Exactly the lines below from the line with "爆光LED S25 ダブル" through the line with "تنوع ژنتیکی در" must make up the answer, both ends included and pictures left out.

━━━━━ SUPPLIED DATA ━━━━━

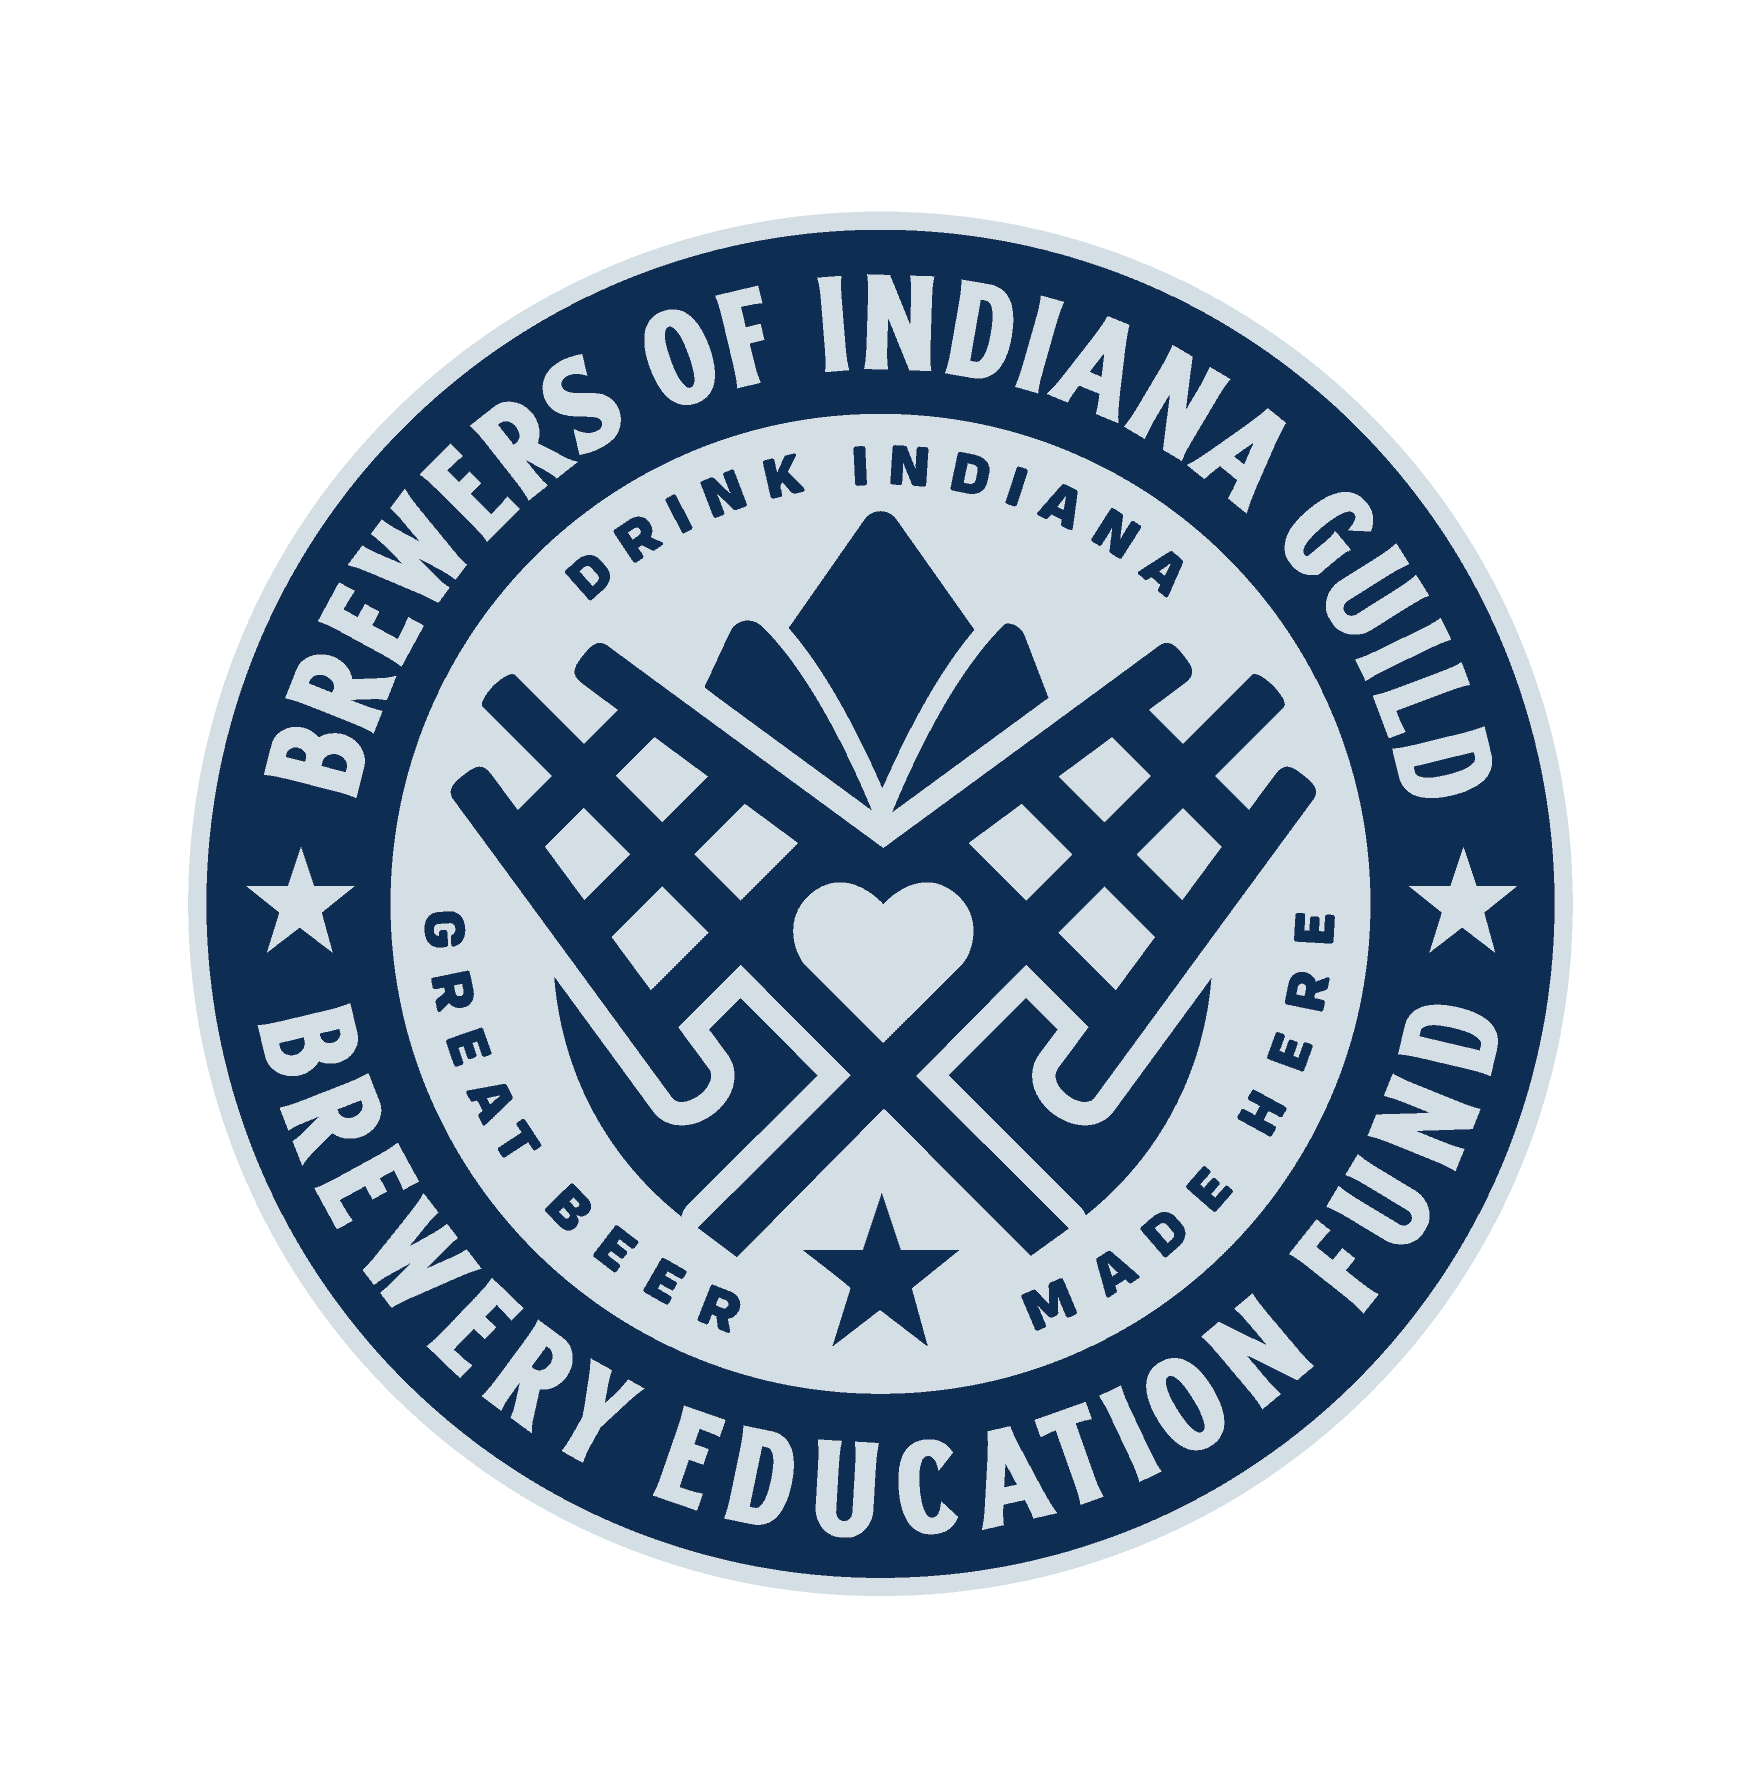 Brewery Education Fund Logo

━━━━━
━━━━━ SUPPLIED DATA ━━━━━

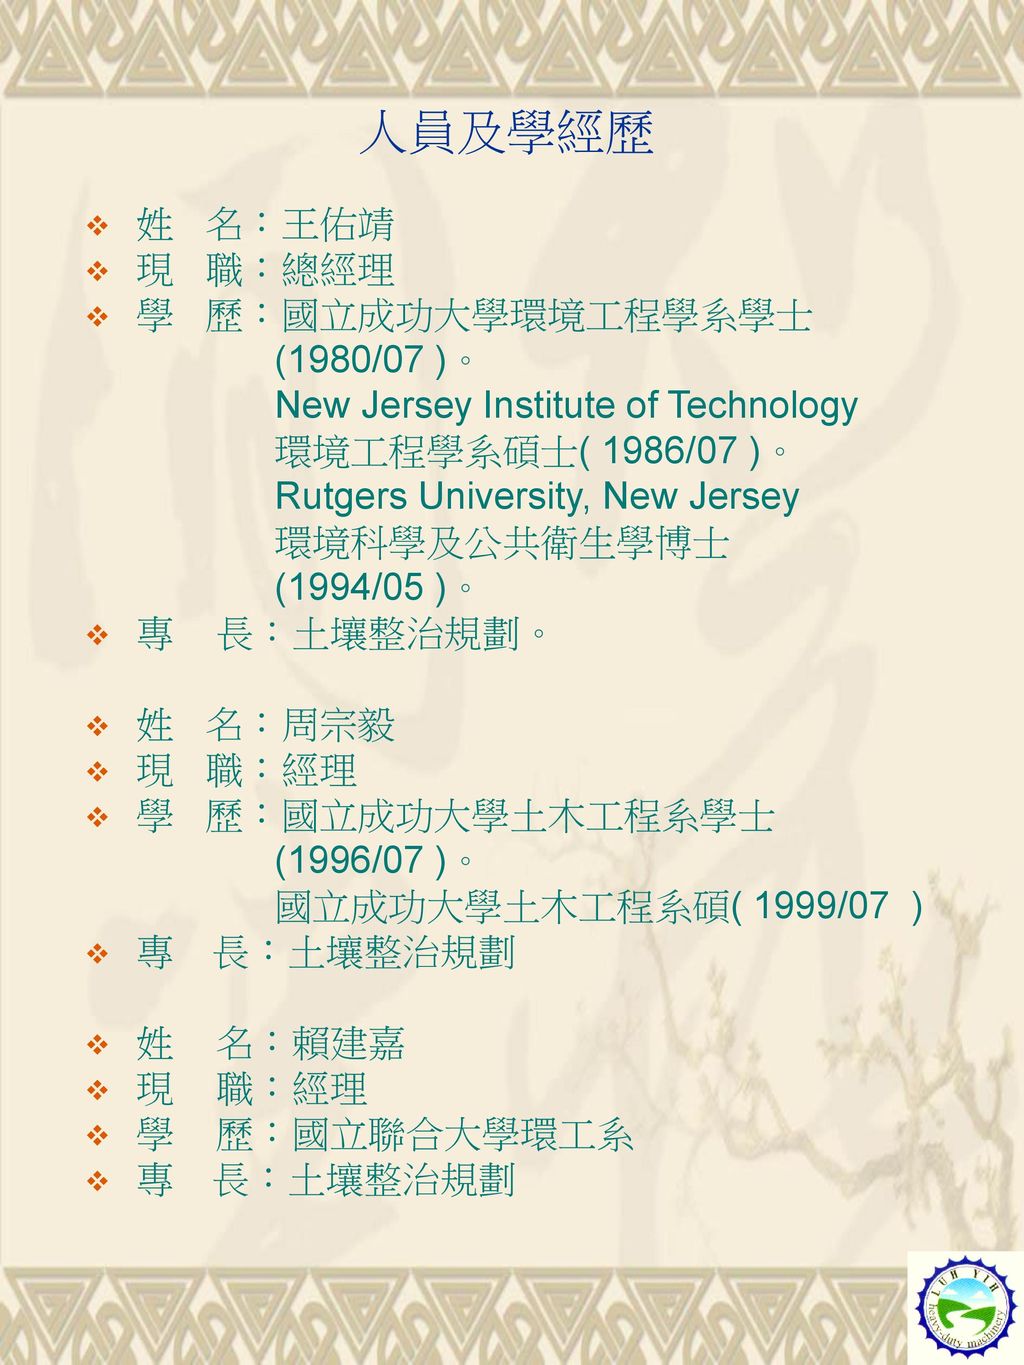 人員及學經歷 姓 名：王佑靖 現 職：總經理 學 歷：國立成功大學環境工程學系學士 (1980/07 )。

━━━━━
━━━━━ SUPPLIED DATA ━━━━━

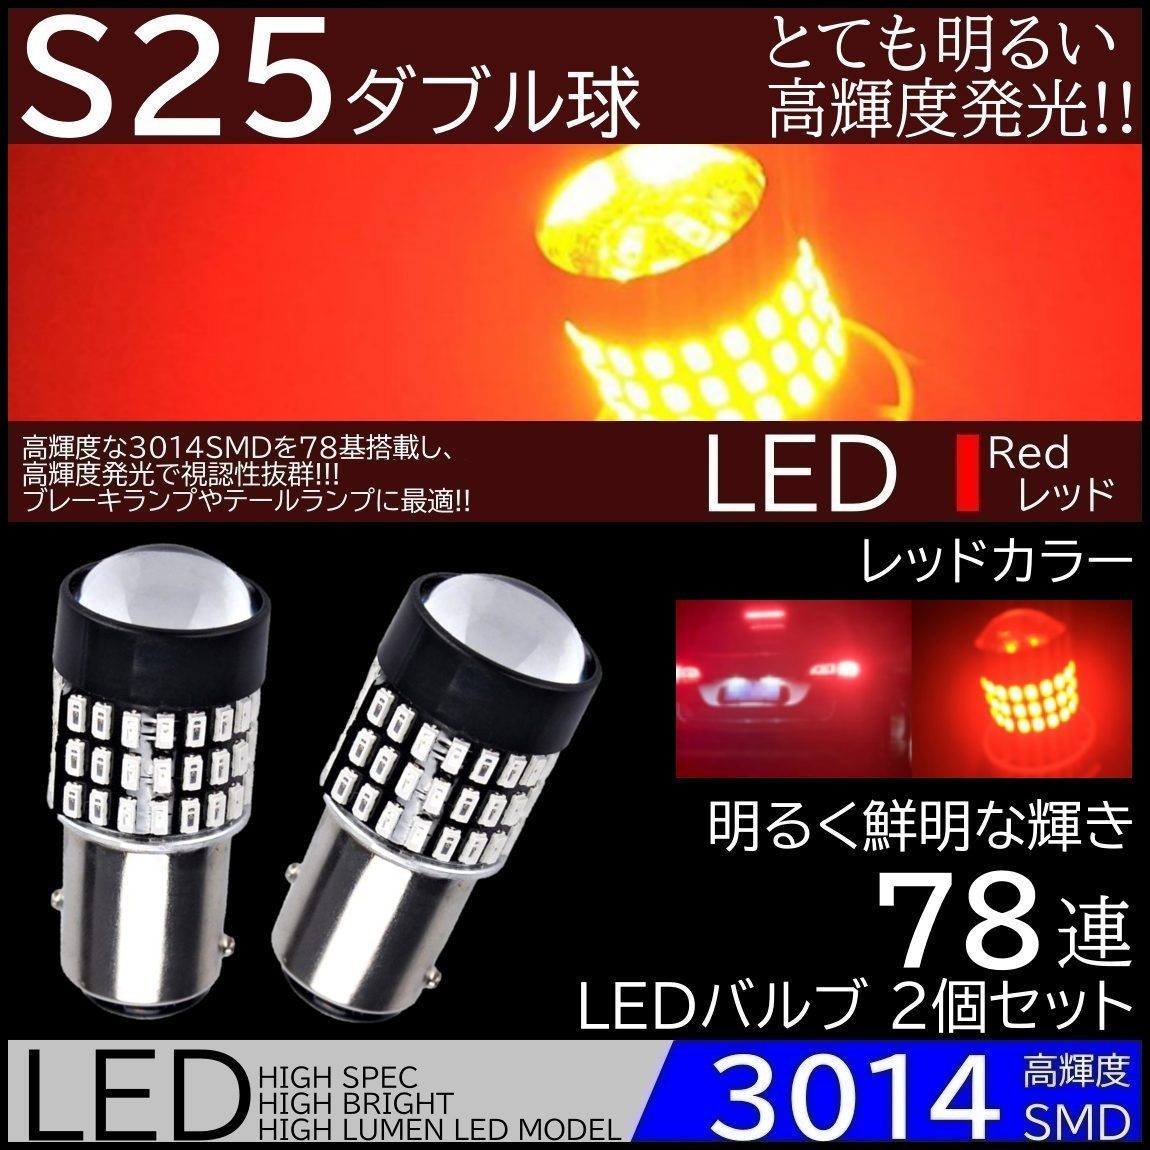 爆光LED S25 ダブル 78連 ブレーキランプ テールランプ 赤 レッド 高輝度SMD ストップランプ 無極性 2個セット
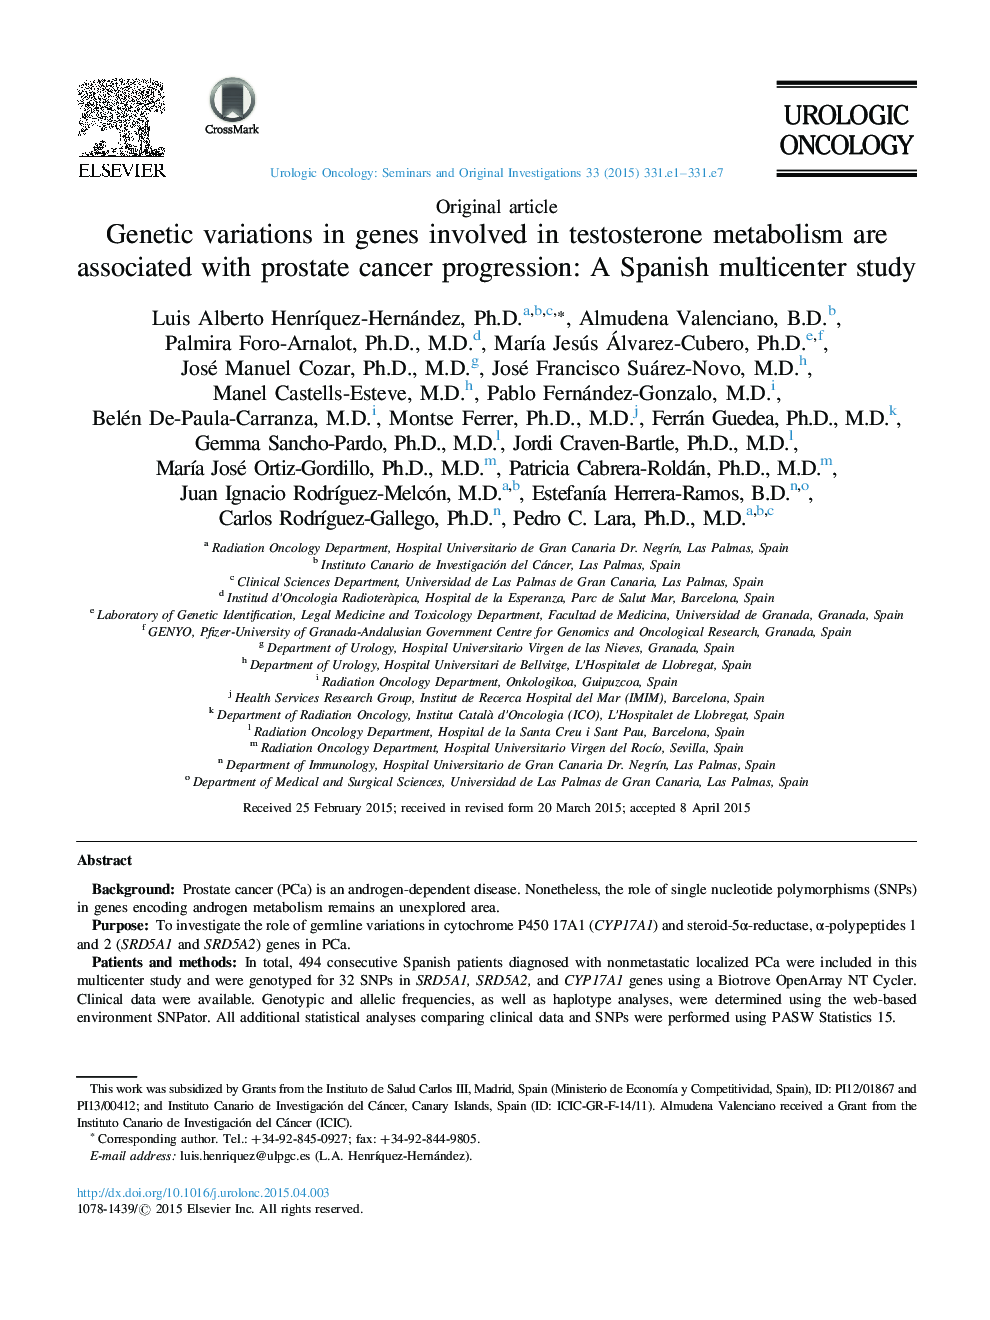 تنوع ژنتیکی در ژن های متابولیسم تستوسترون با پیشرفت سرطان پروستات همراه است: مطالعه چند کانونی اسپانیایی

━━━━━

## ANSWER SECTION
 爆光LED S25 ダブル 78連 ブレーキランプ テールランプ 赤 レッド 高輝度SMD ストップランプ 無極性 2個セット
 تنوع ژنتیکی در ژن های متابولیسم تستوسترون با پیشرفت سرطان پروستات همراه است: مطالعه چند کانونی اسپانیایی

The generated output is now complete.